In Russell Brand's interview, Yanis states that we must always support the defenders and the sovereignty of the invaded. I question who the aggressors are and if Ukraine is a pawn. Sovereignty and the right of secession are discussed, along with whether this is Russia's war or just Putin's, as Yanis claims. I examine the role of Russian oligarch money in the demise of Greece and Cyprus, and quote Yanis from my book, How to Dismantle an Empire. I end with the hope that we're not being played by all sides, comparing the oligarchs to rats at a chickenfeeder.
Another one of your excellent posts, Tereza. What I find interesting is that Harari comes completely clean at some point and states "Corporations are a Legal Fiction." I have been saying this for a while also, what is strange to me is he is not defending the Corporate Legal Veil. He and his Elite partners in crime have benefited so much from Pseudo Legal Frameworks, which is what they are a part of.

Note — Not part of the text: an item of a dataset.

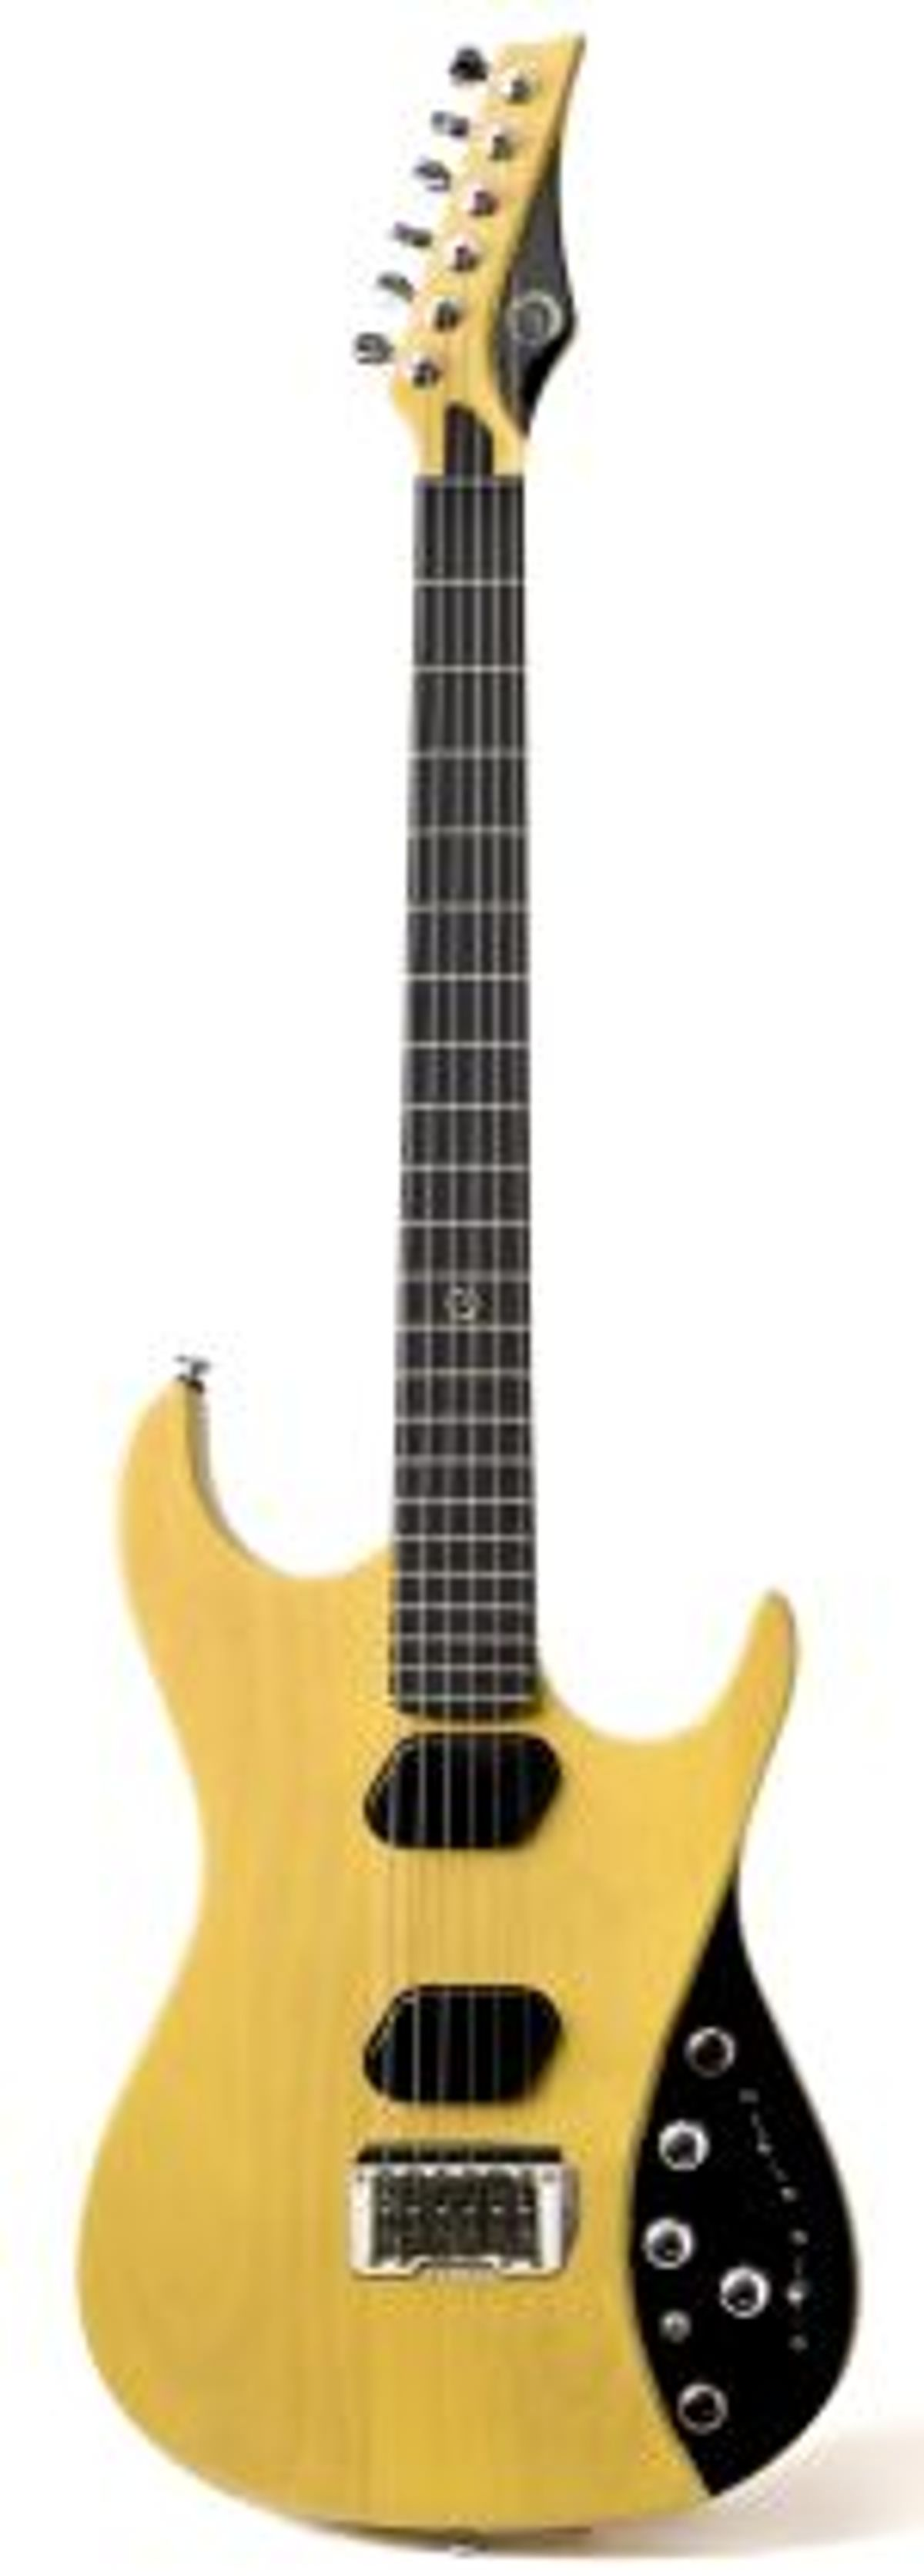 Moog Launches The Moog Guitar - Model E1

About Sadhguru: He is my Kriya Yoga teacher, many of his perspectives are actually genuine from a "Yogic" way of seeing things. Kriya Yoga is an involved practice of body dynamic kundalini that actually works quite well in aligning the flow of energies in your body. He should have stayed away from global politics just focused only on Yoga.
He has been on a bit of a whirlwind lately, engaging in political and international dynamics; this is where the problem starts for me..... He made rounds to the WEF meeting sometime before Covid, he was endorsing their ideas about reducing the numbers of people on the planet. For me, that was it -- he is a fraud. Pisses me off. I was always a follower of Sri Aurobindo anyway.
I look forward to hearing your defenses of YNH. I read all his books and, I’m almost ashamed to say, enjoyed them. I thought he came off a bit pompous and outright wrong in some parts but I never took him too seriously. I particularly enjoyed his take on the fiction we call money. I don’t understand how he has so much sway, maybe I completely missed something about this supposed evil mastermind.